------ Data below

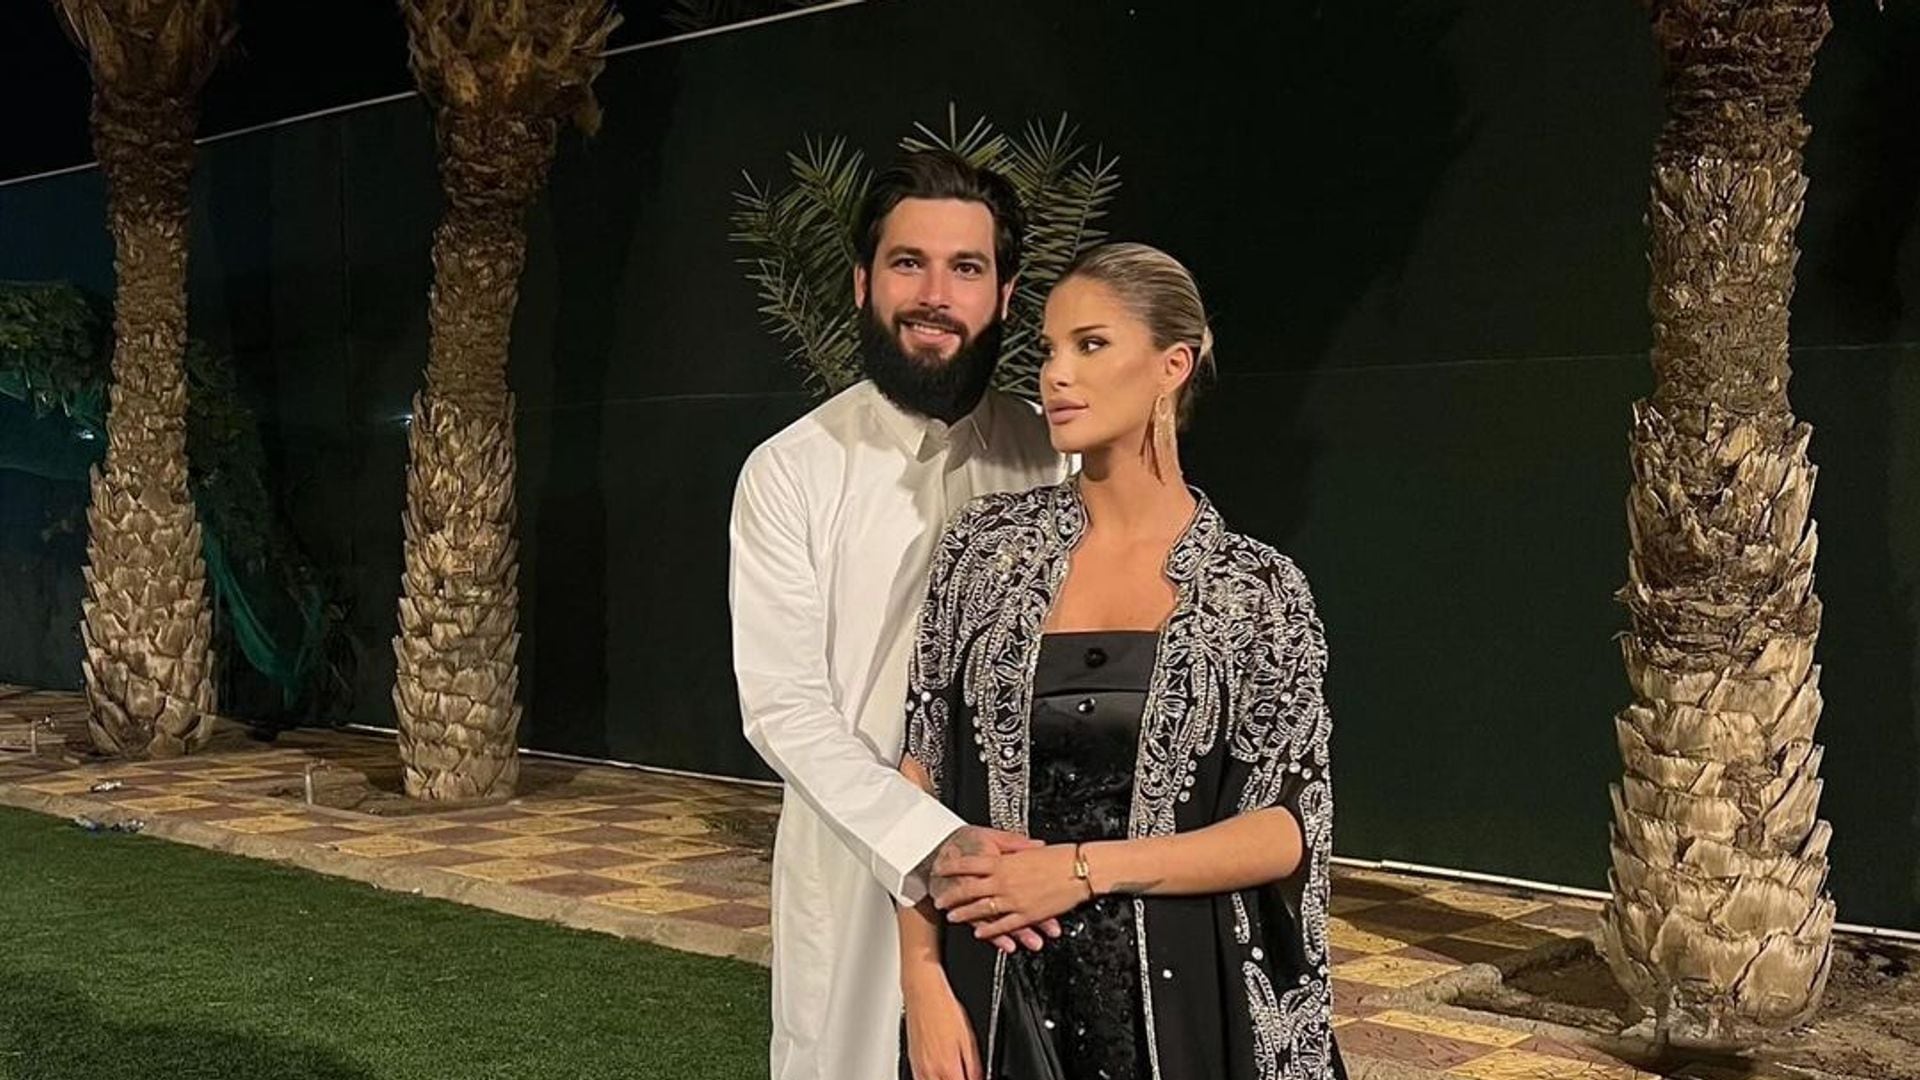 La boda sorpresa de Jota Peleteiro en Arabia Saudí con la modelo serbia Ajla Etemovic
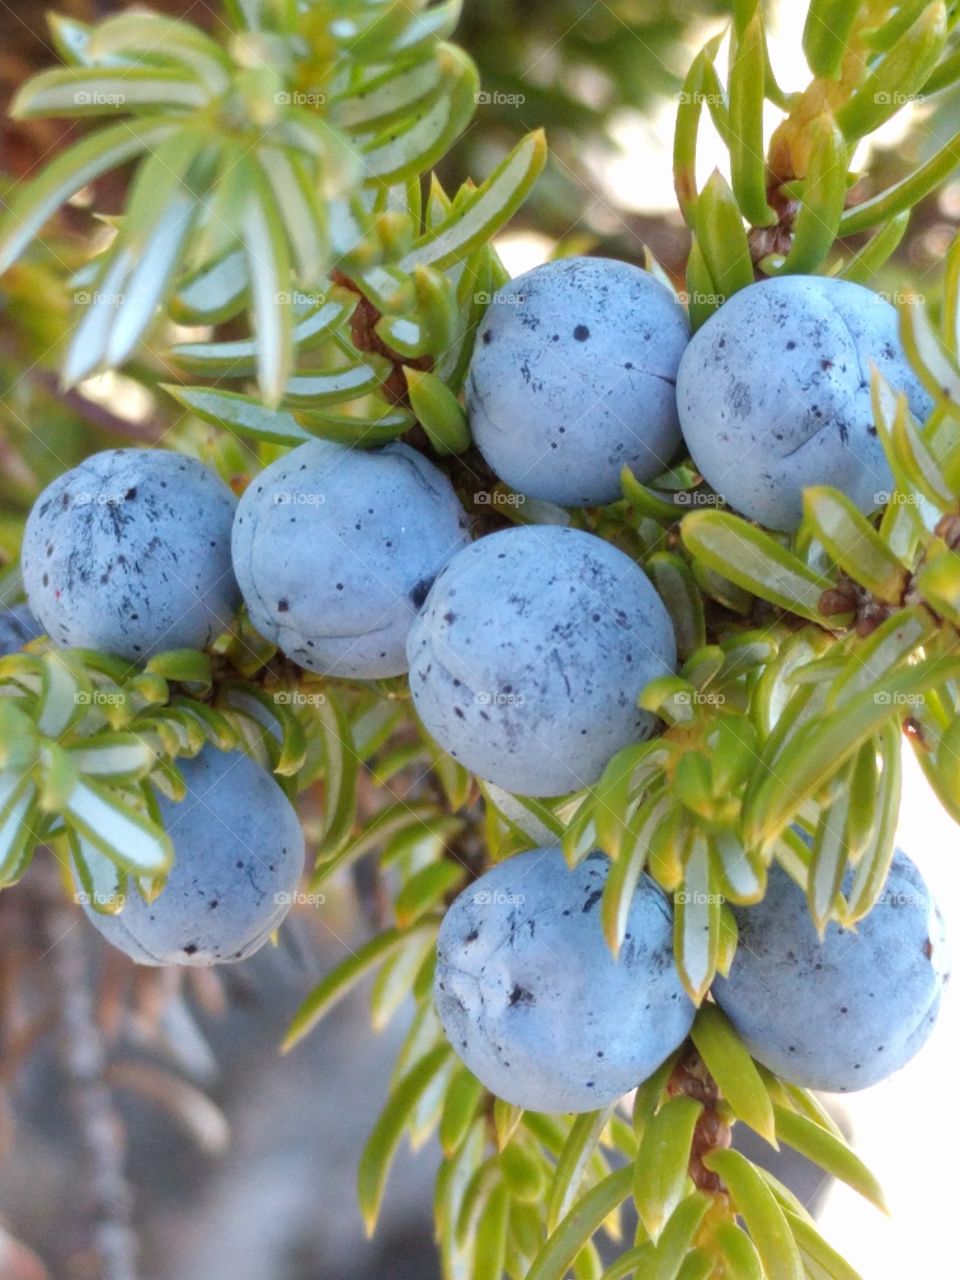 Common Juniper berries (Juniperus communis)
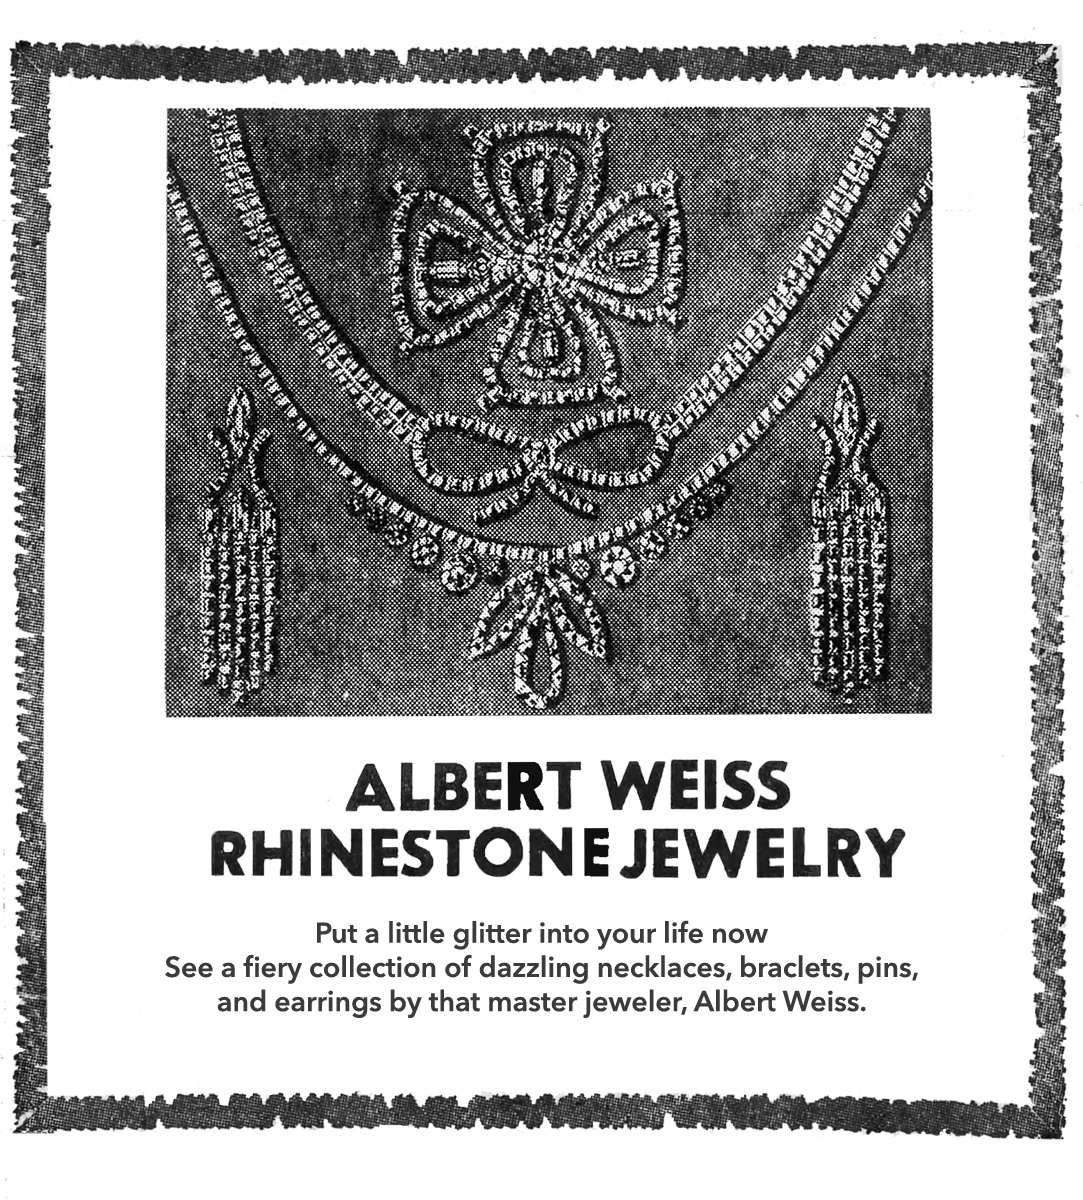 Weiss rhinestone jewelry 1972

------------

__Activity__
Repeat the material above exactly. Leave every picture out of it.

__Response box__
 La boda sorpresa de Jota Peleteiro en Arabia Saudí con la modelo serbia Ajla Etemovic
 Common Juniper berries (Juniperus communis)
 Weiss rhinestone jewelry 1972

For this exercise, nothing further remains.